- Theatrical release poster
- Directed by: Jean Yarbrough
- Screenplay by: Scott Darling Barney Gerard
- Based on: Mrs. Hoyle and the Hotel Royalstom by Jean Z. Owen
- Produced by: Barney Gerard
- Starring: Spring Byington Anthony Caruso Tanis Chandler Brett King Stephen Chase Robert Karnes
- Cinematography: Harry Neumann
- Edited by: Roy Livingston
- Production company: Monogram Pictures
- Distributed by: Monogram Pictures
- Release date: April 21, 1951;
- Running time: 60 minutes
- Country: United States
- Language: English

= According to Mrs. Hoyle =

1951 film directed by Jean Yarbrough

According to Mrs. Hoyle is a 1951 American second feature crime film directed by Jean Yarbrough, written by Scott Darling and Barney Gerard and starring Spring Byington, Anthony Caruso, Tanis Chandler and Brett King. It was released on May 20, 1951, by Monogram Pictures. The title is a reference to the common phrase "according to Hoyle".

==Plot==
Retired schoolteacher Mrs. Hoyle, recognized for her reformation of young men, has lived at a second-rate hotel for 25 years when gang leader Morganti buys the hotel. Morganti, who wants to abandon his life of crime, evicts many residents, but Mrs. Hoyle convinces him to allow her and dancehall girl Angela Brown to remain. Morganti's henchman Eddie Slattery falls in love with Angela and recognizes Mrs. Hoyle as his long-lost mother, but he does not disclose his knowledge. Mrs. Hoyle does not recognize Eddie because she has not seen him since her husband James, whom she thinks was a traveling salesman, mysteriously left her years earlier, taking their young son with him.

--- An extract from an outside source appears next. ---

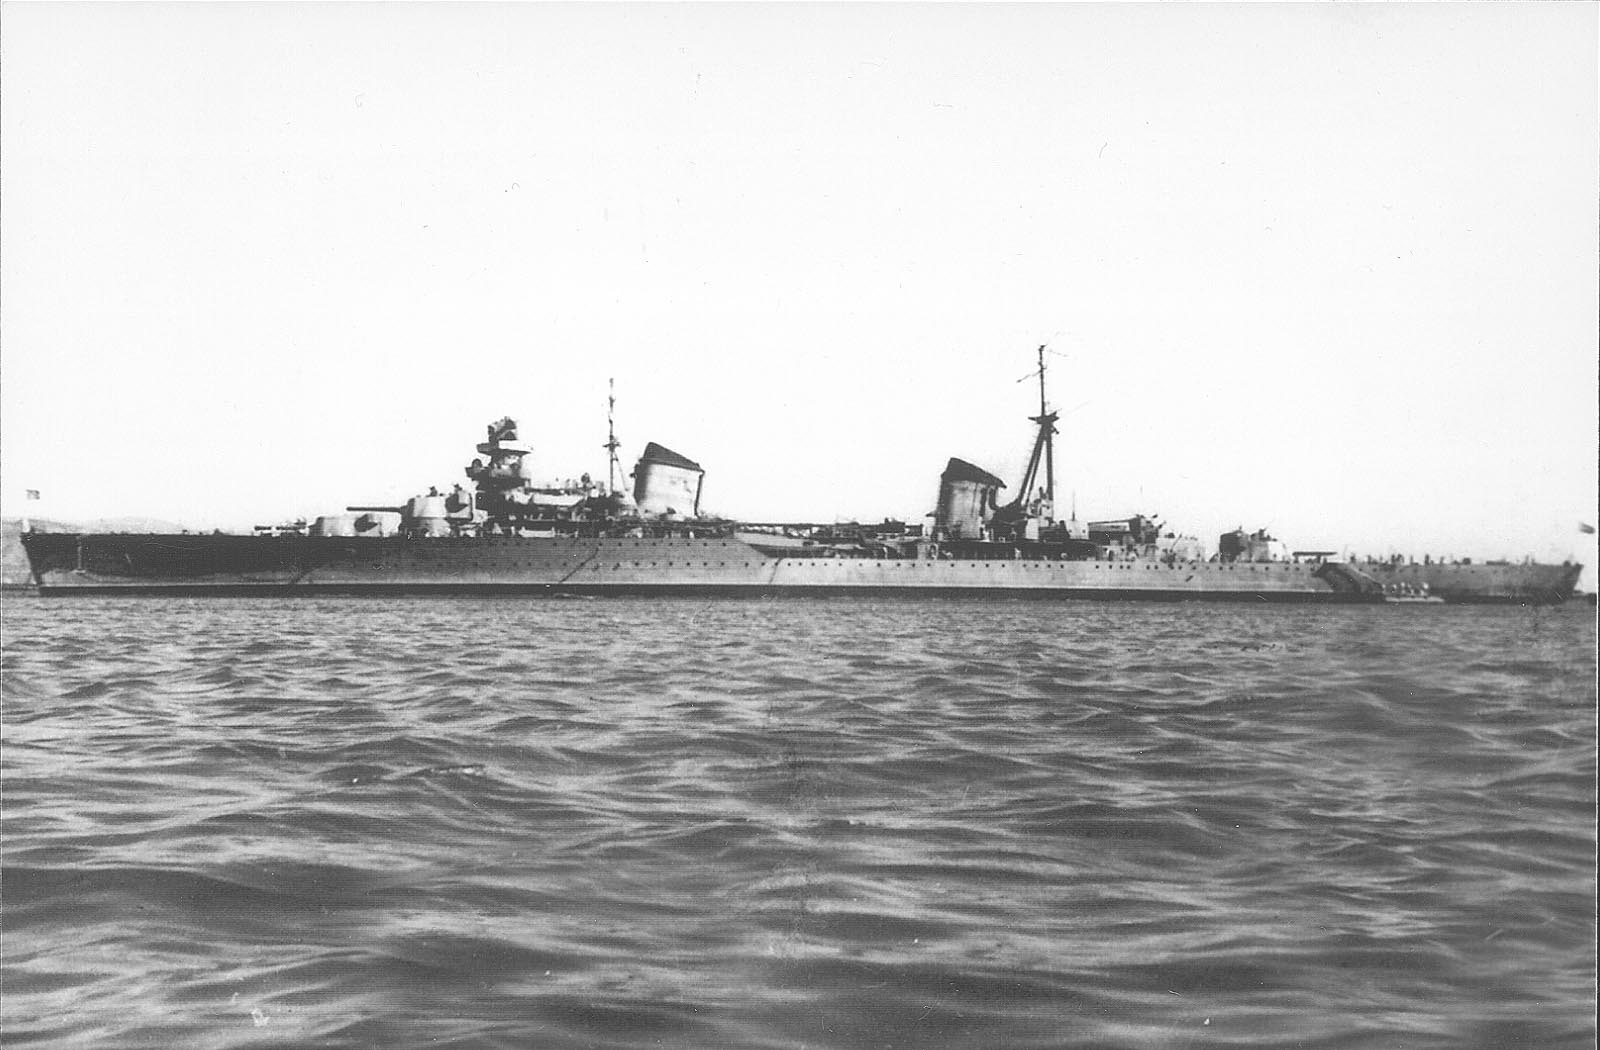 Light cruiser Molotov, date unknown

At first, members of Morganti's gang are reluctant to adapt to their leader's change of heart; however, under Mrs. Hoyle's influence, they abandon their evil ways, except for Harry Rogan. Defying Morganti's orders, Rogan plans to rob a local grocery store on the same night that the new hotel restaurant is holding its grand opening. He tries to enlist Eddie as his accomplice, and Eddie feels obligated to participate because Rogan had saved his life during a previous holdup. After the robbery, Eddie does not want the stolen money and refuses to allow Rogan to disclose to him where he has hidden it; the loot is inside a fur coat in Mrs. Hoyle's closet.

With the help of the grocery store's night watchman, who identifies Rogan, police detective Pat Dennison accuses Morganti of planning the robbery. When Eddie sees the watchman with Dennison, he tells Rogan and they try to escape. As the police chase after them, Rogan is shot and killed and Eddie is knocked unconscious. Mrs. Hoyle is arrested after the money and jewels are found in her room. She denies knowledge of the money and claims that the jewels were inexpensive presents from her husband. Morganti pays Mrs. Hoyle's bail, and Dennison does not believe that she was involved in the robbery, but the prosecuting attorney insists on trying her.

The trial opens while Eddie is still in a coma. During Mrs. Hoyle's testimony, the prosecuting attorney confronts her with the fact that she possesses valuable jewels and reveals that her husband was a convicted jewel thief who had died in prison. Mrs. Hoyle is shattered by the revelation and feels faint, prompting the judge to call a recess. Eddie regains consciousness and learns of the charges against Mrs. Hoyle. Despite his weakened condition, Eddie asks Dennison and Morganti to take him to court to testify. As he confesses to the crime, he inadvertently reveals that he is Mrs. Hoyle's son. The charges against Mrs. Hoyle are dismissed, but Eddie faces several years in prison. Now reunited with her son, Mrs. Hoyle assures him that, after prison, he can start a new life.

== Cast ==
- Spring Byington as Mrs. Harriet Hoyle
- Anthony Caruso as Morganti
- Tanis Chandler as Angela Brown
- Brett King as Eddie Slattery
- Stephen Chase as Judge Guthrie
- Robert Karnes as Harry 'Chip' Rogan
- James Flavin as Prosecuting Attorney
- Paul Bryar as Willie
- Tris Coffin as Pat Dennison
- Charles Williams as Charlie
- Harry Lauter as Gordon Warren
- Michael Whalen as Rev. Haverford
- Leander de Cordova as Pastor J. Berland
- Wilbur Mack as Mr. Russ
- Don C. Harvey as Detective
- Rory Mallinson as Detective
- Frank Jaquet as Watchman
- Marcelle Imhof as Court Clerk
- Baron James Lichter as Bailiff
- Joey Ray as Policeman in Hospital
- Ted Stanhope as Clerk of Court

== Release ==
The film's first general showing occurred on April 21, 1951, in Hartford, Connecticut as a second feature to Father's Little Dividend.